## WHAT YOU WILL DO
Copy the data precisely, character for character, and leave out every picture.

## PROVIDED MATERIAL
<<<<

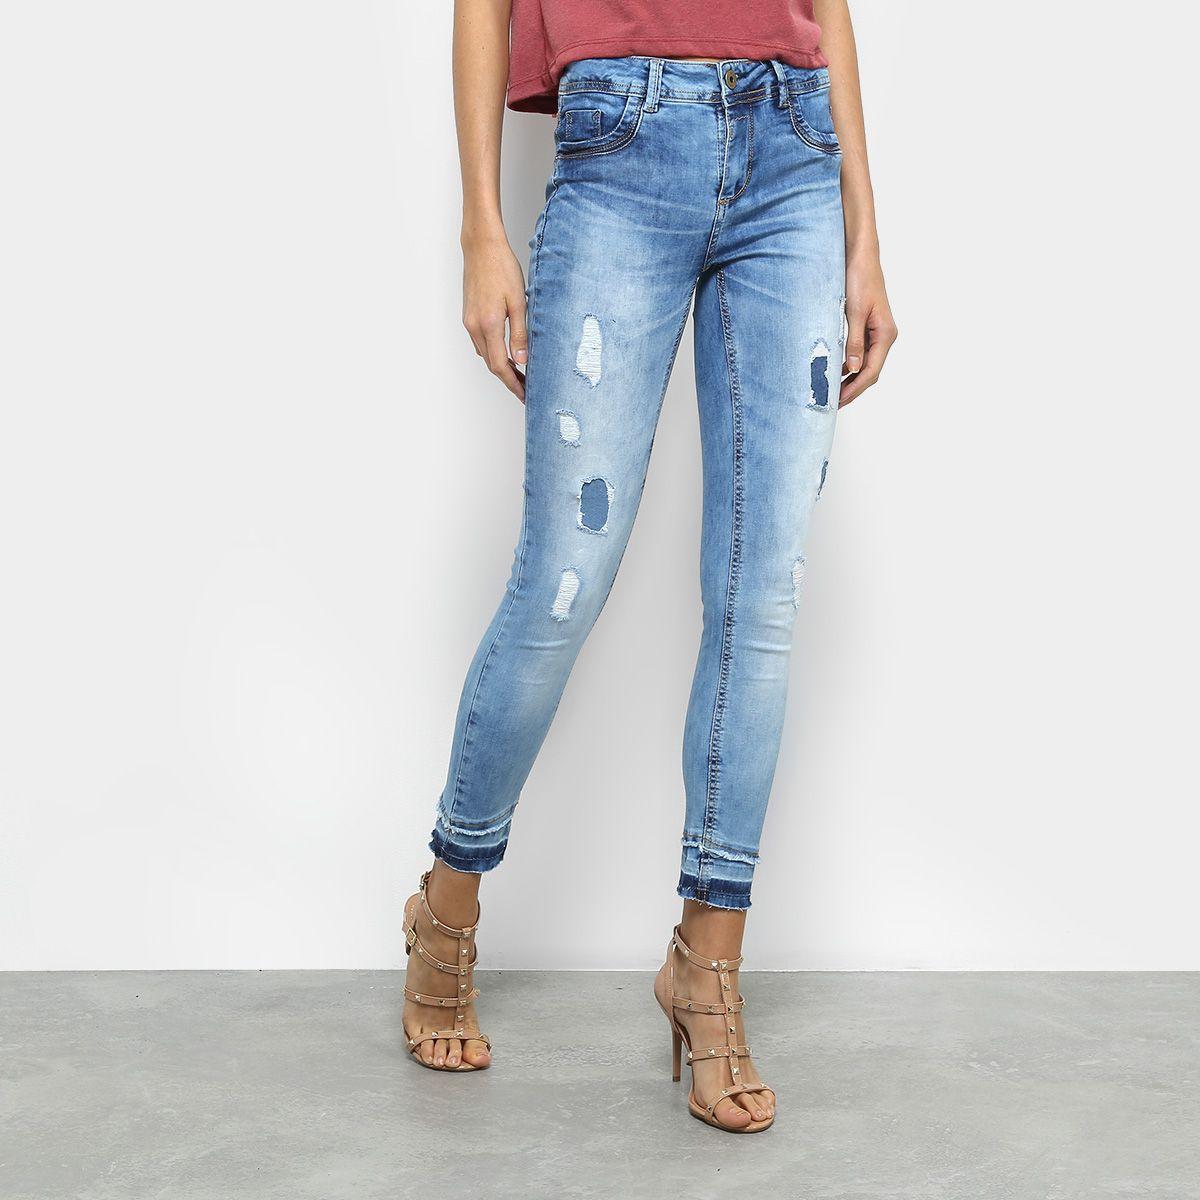 Calça Jeans Cigarrete Sawary Estonada Rasgos Cintura Média Feminina -  Compre Agora  44fd3ba38a7be
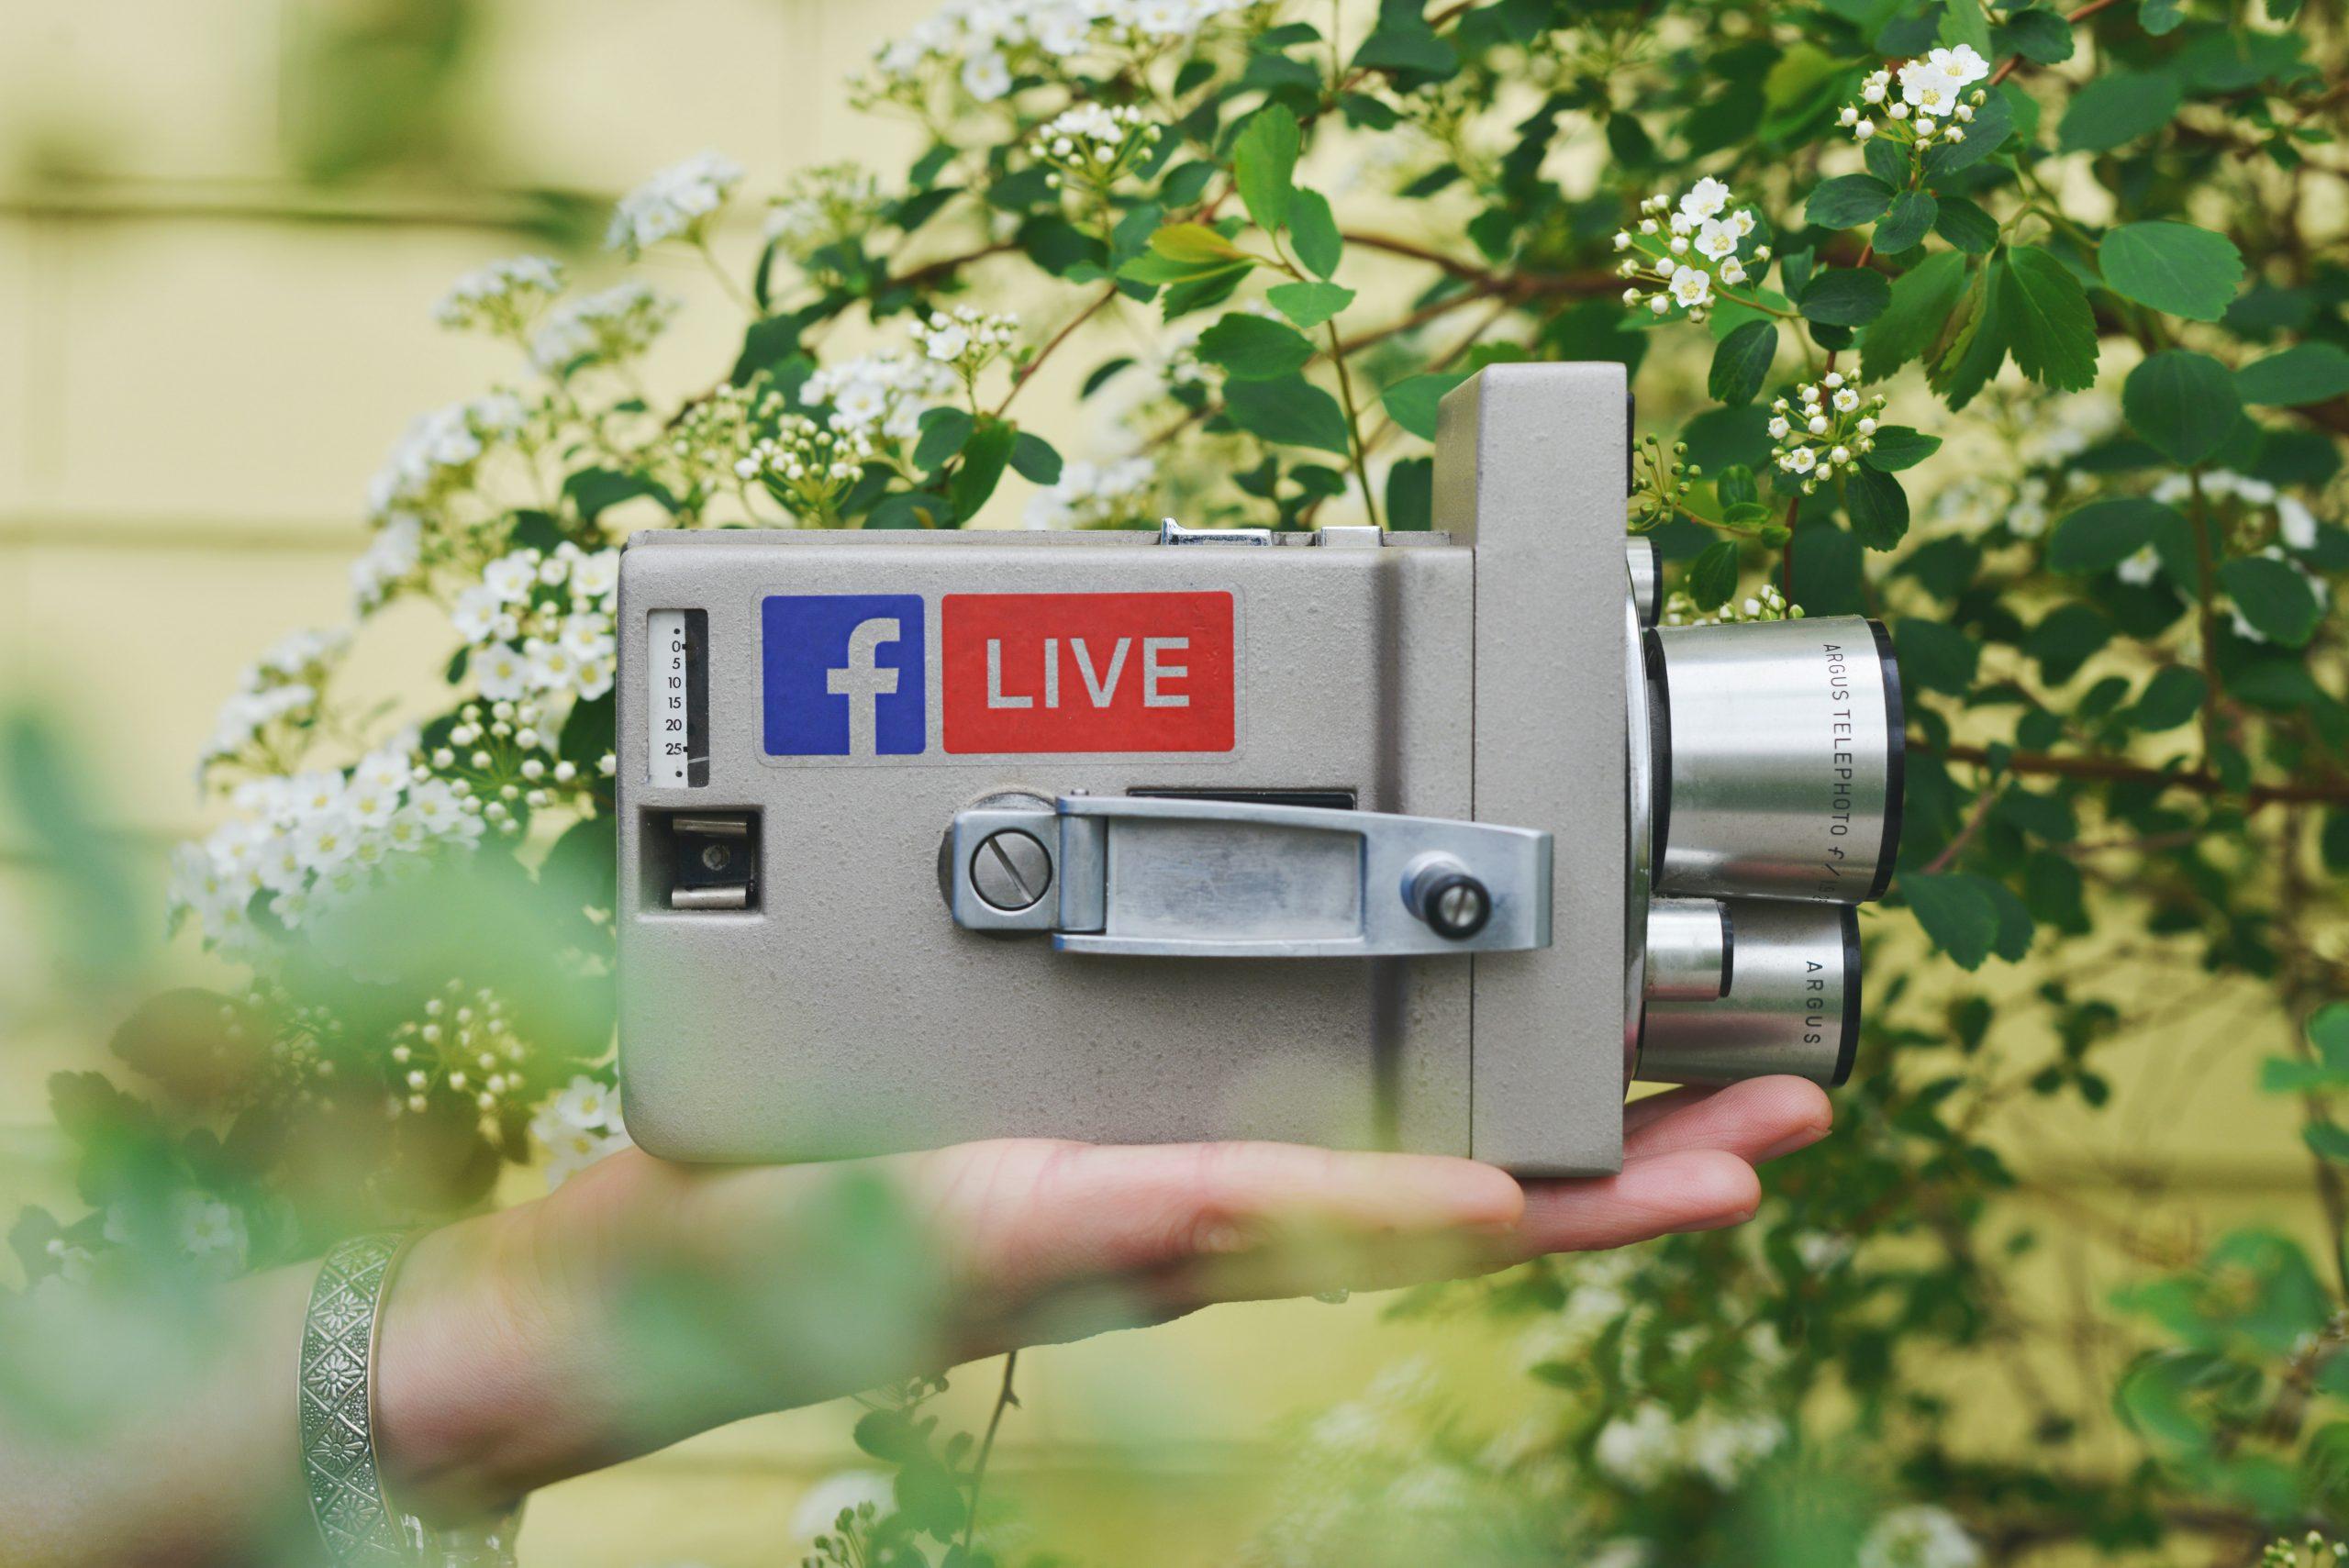 Les réseaux sociaux au secours de l'environnement
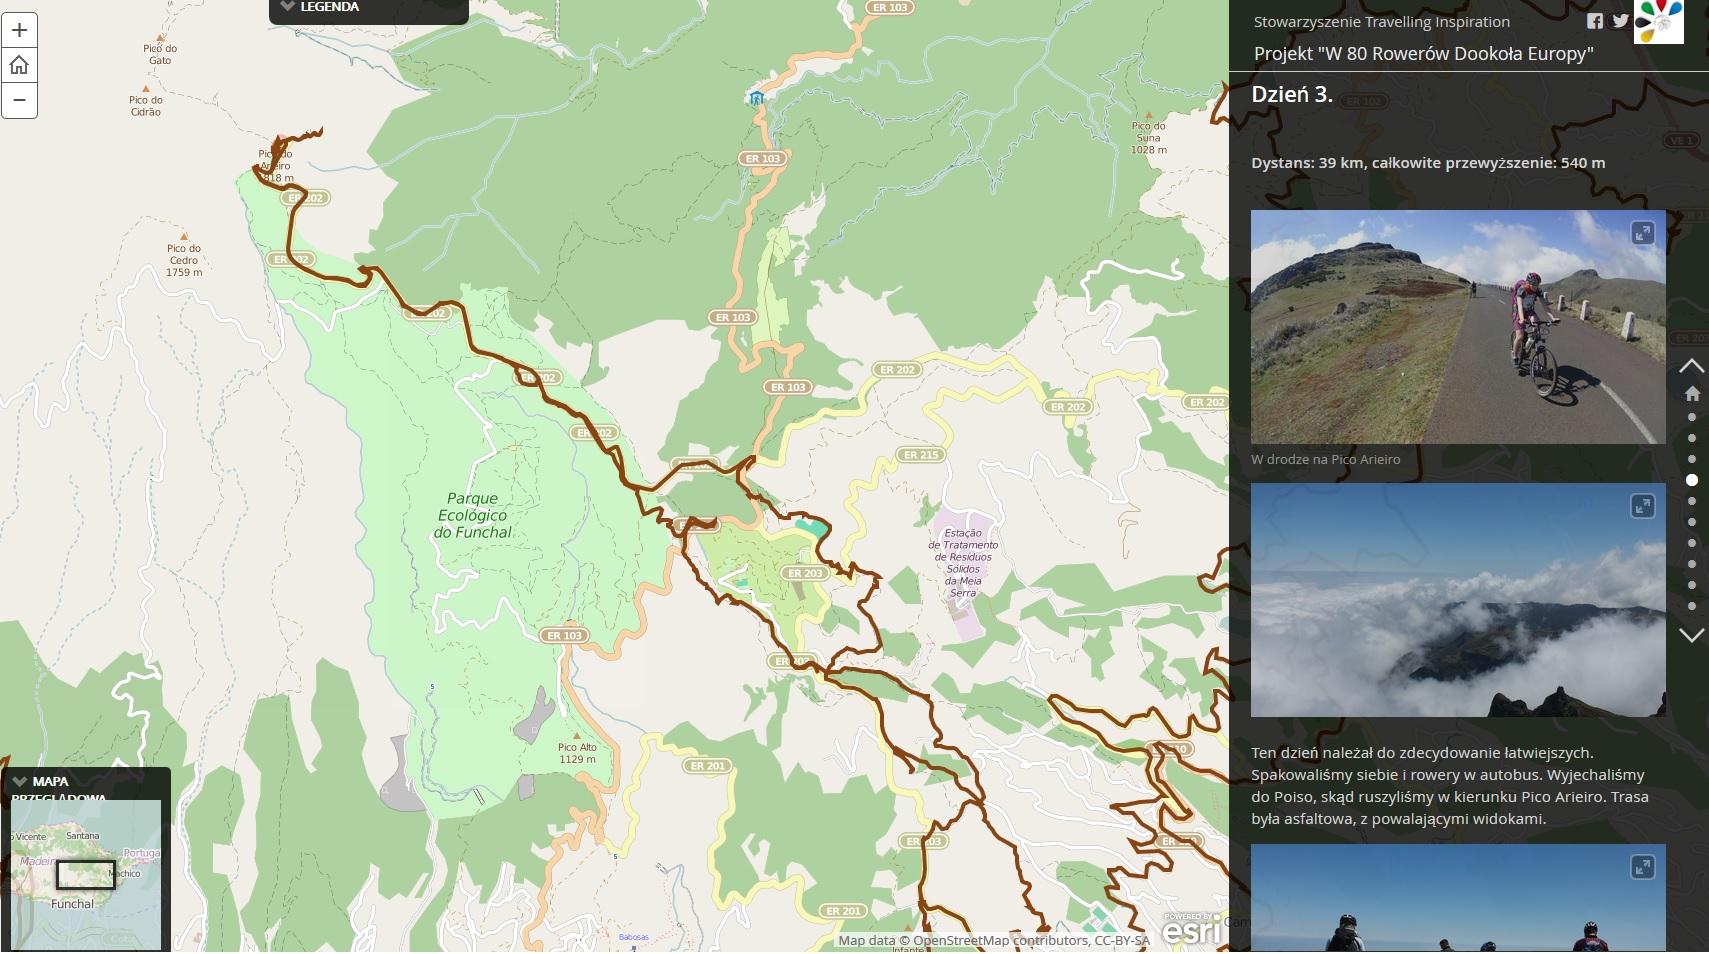 Rys. 2. Zrzut z aplikacji Map Journal Esri. Ślad GPS z wycieczki na Pico de Arieiro (Madera, Portugalia)

>>>>

## OUTPUT OF THE EXERCISE
 Calça Jeans Cigarrete Sawary Estonada Rasgos Cintura Média Feminina -  Compre Agora  44fd3ba38a7be
 Les réseaux sociaux au secours de l'environnement
 Rys. 2. Zrzut z aplikacji Map Journal Esri. Ślad GPS z wycieczki na Pico de Arieiro (Madera, Portugalia)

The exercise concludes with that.